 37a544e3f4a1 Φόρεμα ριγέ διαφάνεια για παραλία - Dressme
════════════════
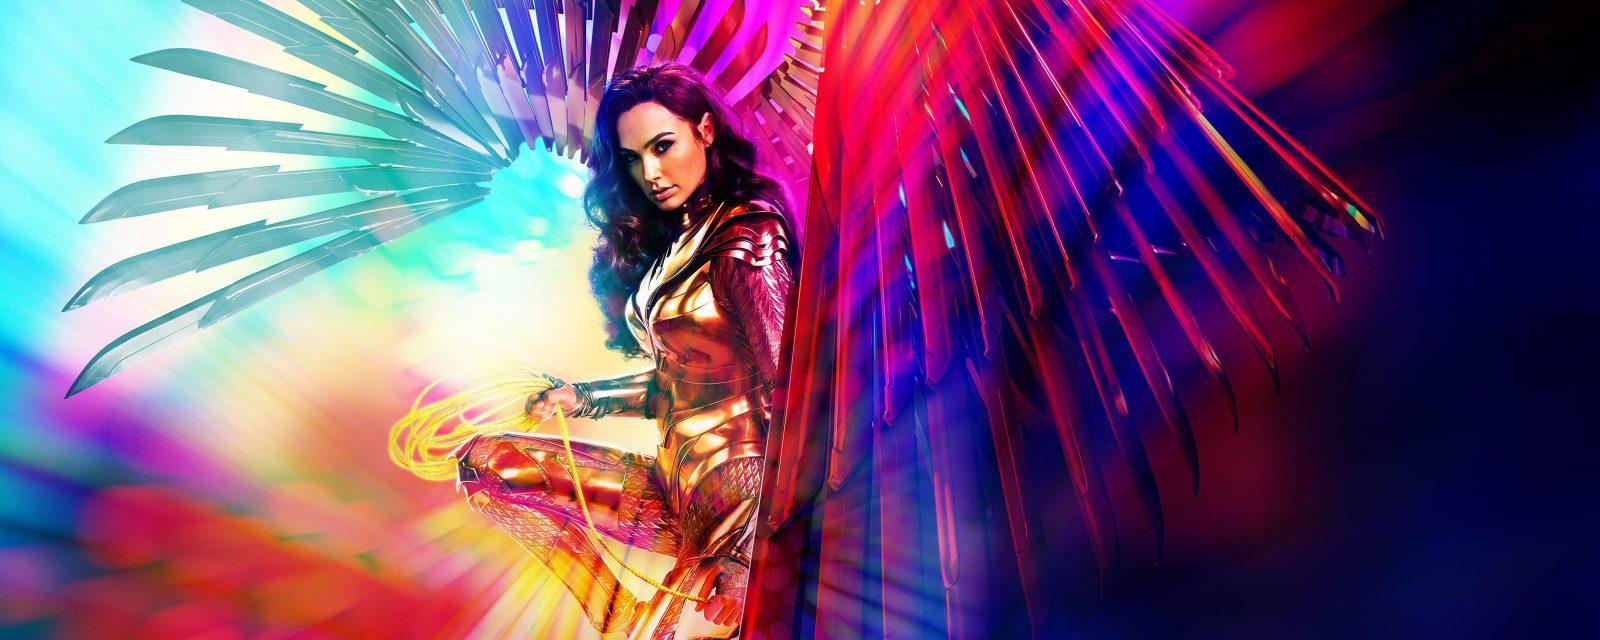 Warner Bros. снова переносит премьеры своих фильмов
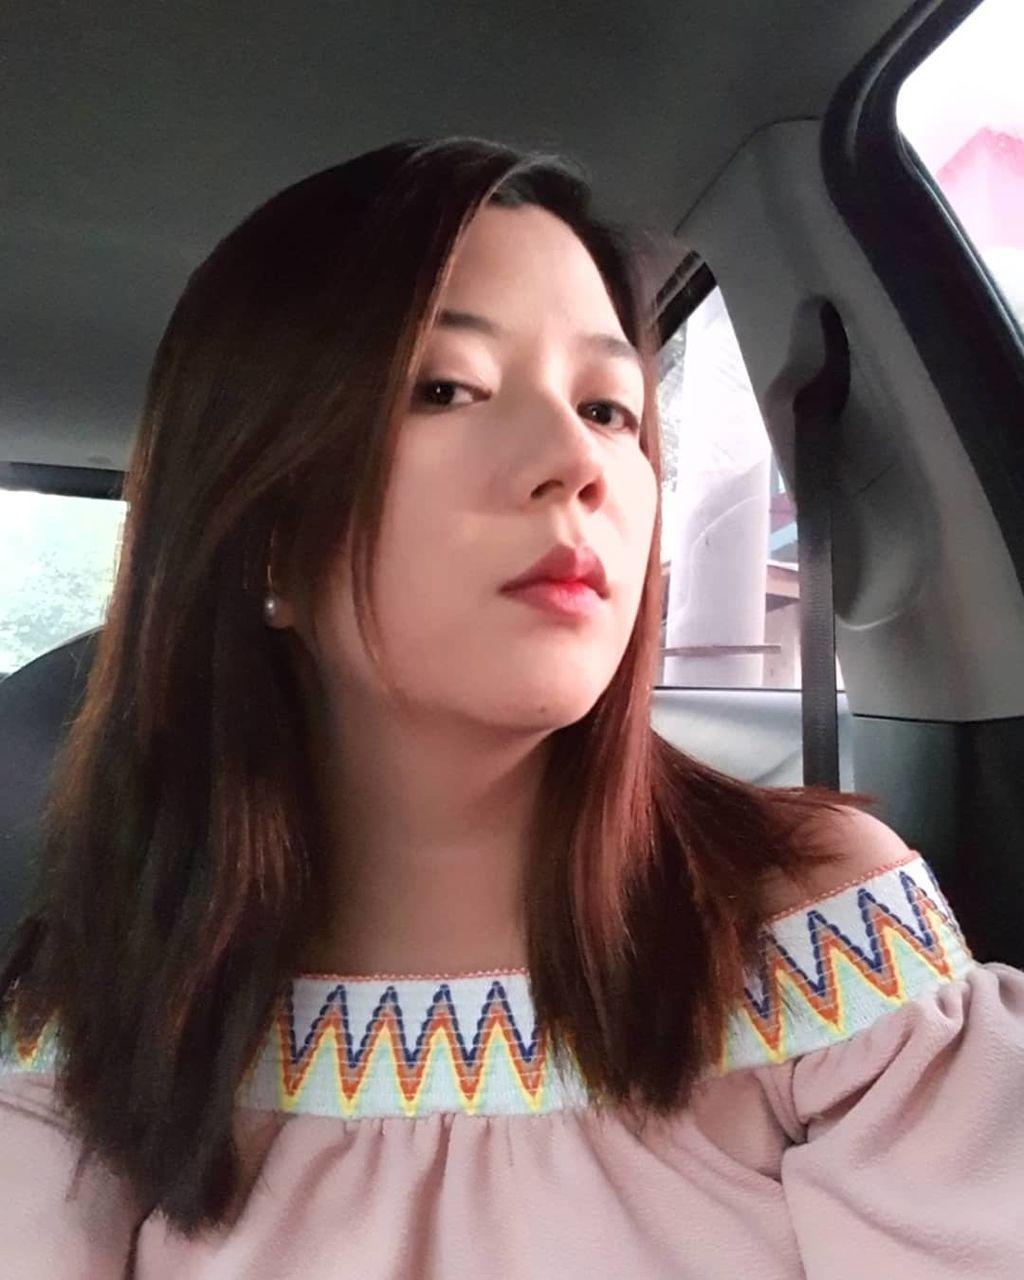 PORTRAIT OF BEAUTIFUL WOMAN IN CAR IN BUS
════════════════
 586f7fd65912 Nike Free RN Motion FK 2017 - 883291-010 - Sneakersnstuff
════════════════
Problem to work on - Give again the lines of the listing above that run from the one with "Warner Bros. снова" up to and including the one with "PORTRAIT OF BEAUTIFUL WOMAN IN CAR IN BUS". Keep them exact and omit the pictures.

Answer to this exercise -
 Warner Bros. снова переносит премьеры своих фильмов
 PORTRAIT OF BEAUTIFUL WOMAN IN CAR IN BUS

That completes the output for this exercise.